Last week, the Department of Homeland Security‘s Office of the Inspector General (OIG) released a report detailing dangerous conditions at La Palma Correctional Center, an Immigration and Customs Enforcement detention facility in Eloy, Ariz. From August to November 2020, OIG performed an unannounced inspection of the facility and found numerous violations of ICE detention standards that threatened the health of the more than 1,000 migrants who were detained in the facility.
The facility faced a major coronavirus outbreak in August, after ICE required La Palma officials to test everyone in detention for Covid-19. At the time, 211 migrants tested positive for coronavirus (a 17 percent test positivity rate). Prior to this mandate, officials had only been testing those with symptoms, despite the possibility of asymptomatic Covid-19 transmission. As of April 2021, nearly 900 Covid-19 cases have been reported at La Palma.
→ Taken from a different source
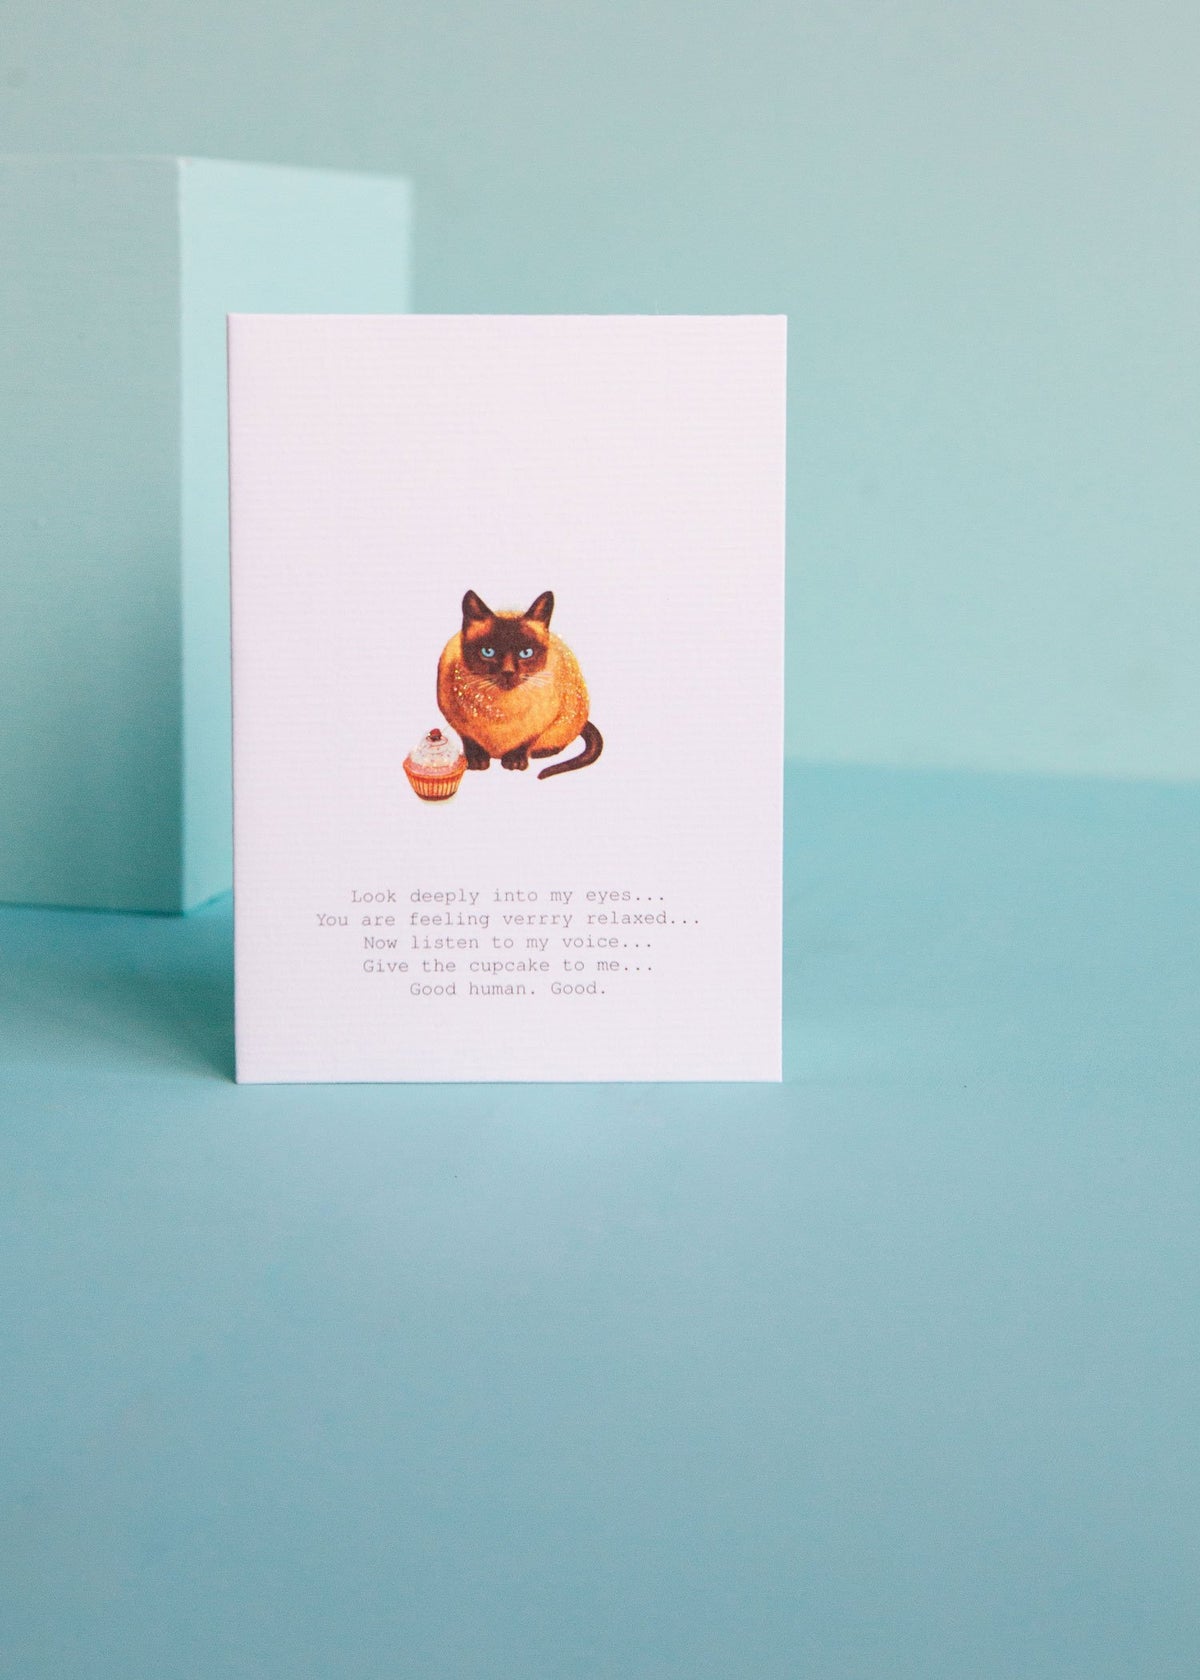 A Margot Elena TokyoMilk Greeting Card featuring an illustration of a cat with hypnotic eyes and a caption that reads, "look deeply into my eyes... you are feeling very sleepyminded... give the cupcake to me

OIG interviewed detained individuals in the facility, many of whom alleged that ICE officials had created an environment of mistreatment and verbal abuse. In April 2020, after La Palma officials didn’t provide those in detention with personal protective equipment, detainees held peaceful protests. OIG found that La Palma “deployed chemical agents from the ceiling” and “fired pepper spray from handheld devices” in response.
Even after the protest, according to the OIG report, La Palma still failed to institute sufficient coronavirus precautions. Migrants did not have adequate access to personal protective equipment, with some telling OIG at the time that they had only received one mask, or none at all.
In a review of grievances filed by detained individuals, OIG noted multiple allegations that officers did not wear proper gloves when working in the housing units, resulting in those officers receiving counseling. The inspection also found that social distancing was not enforced, noticing many instances in which detained individuals gathered with one another or stood close together without wearing masks. The report stated, “The facility is at risk of another outbreak if LPCC does not ensure detainees wear facial coverings and practice social distancing.”
Finally, OIG found that La Palma did not meet standards for medical care. At the time of inspection, 21 of the 72 positions in the facility’s medical staff were vacant. OIG also analyzed a set of sick call requests from detained individuals, finding that the medical unit took an average of 3.35 days to provide care; national ICE standards require that all sick call requests be triaged within 24 hours.
The OIG offered eight recommendations to ICE. ICE did not concur with most of them, including recommendations that the agency ensure migrants have access to personal protective equipment like masks and that the agency review La Palma’s grievance policy and processes.
ICE’s mismanagement of the coronavirus crisis is not limited to just one facility. Last month, the Environmental Protection Agency found that an ICE detention center in California was misusing a chemical disinfectant in a manner that could cause migrants to experience headaches, nausea, and burning eyes. The coronavirus has also continued to spread in detention facilities, with an outbreak in Batavia, N.Y., reported in February.